Currently, as Regional Director, she represents IUCN and the Director General in Asia at the level of government, donors, members, partners, Commissions and intergovernmental fora. She provides strategic direction to the development, resourcing and implementation of the Asia Programme by combining all elements of IUCN within the context of the major environmental conventions, regional intergovernmental and civil society institutions, development banks and multilateral/bilateral donors. She is also primarily responsible for the overall management of IUCN programmes and projects in the Asia Region (South Asia, Southeast Asia, Northeast Asia and China) and ensures the financial viability and accountability of IUCN’s operations and programme implementation in Asia.
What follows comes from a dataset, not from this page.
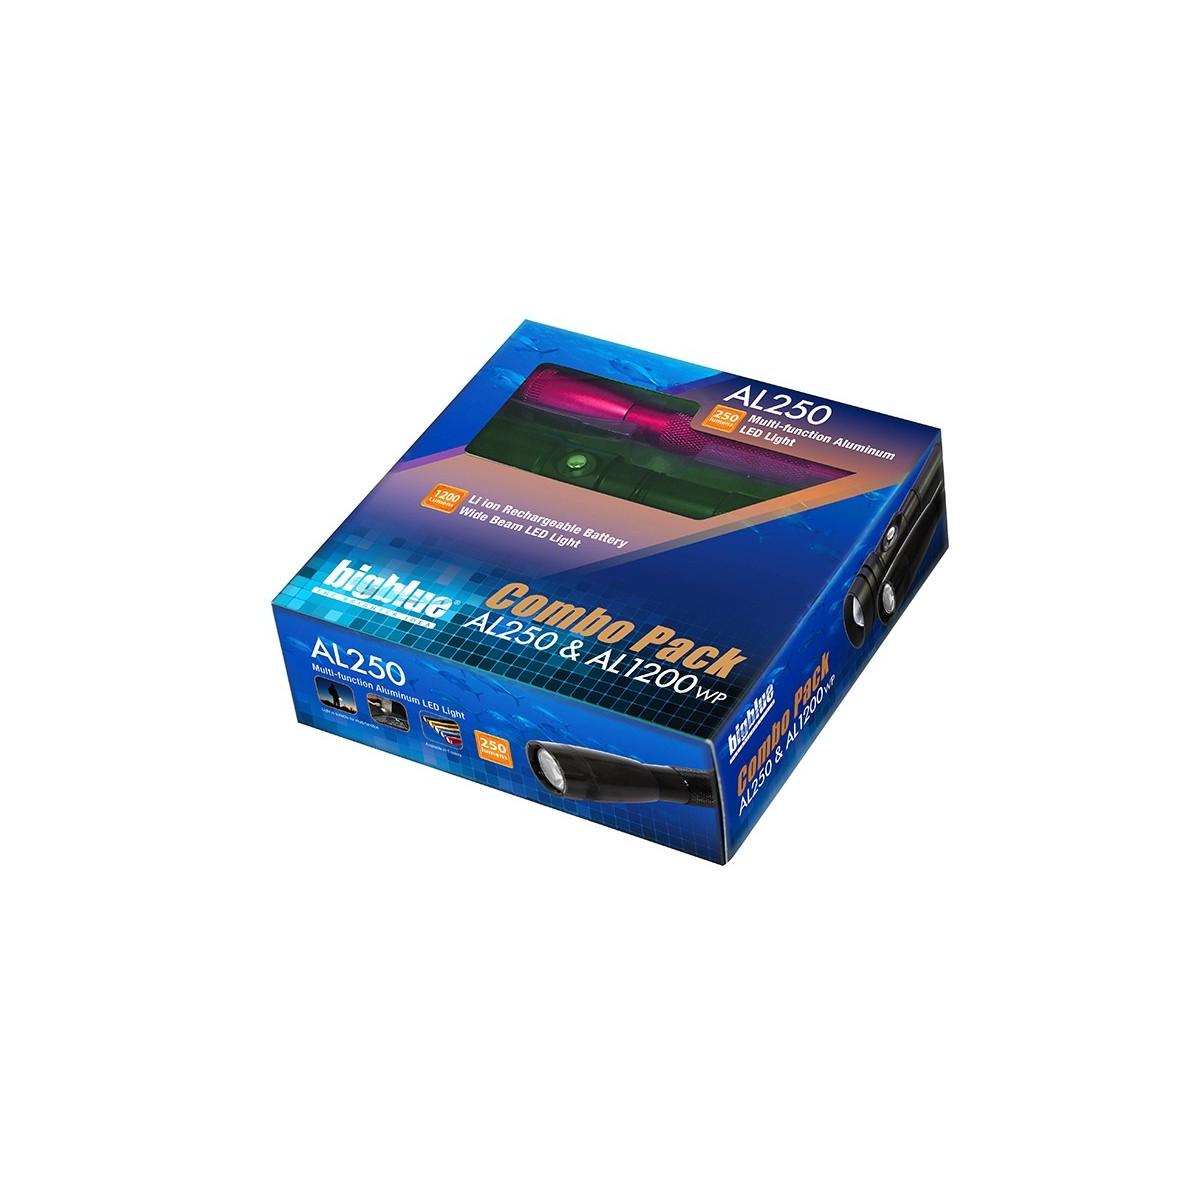 Bigblue Combo Pack AL250 & AL1200WP

Over the past fifteen years Aban has served on the board of and in an advisory capacity to numerous organisations. She was selected as a McClusky Fellow at Yale University School of Forestry and Environmental Studies from January to May, 2003, designing and teaching a course “Ecology in Practice: Issues in Conservation and Development in Asia”. This focused on the challenge of bringing ecology into practice through the design and implementation of conservation and development initiatives.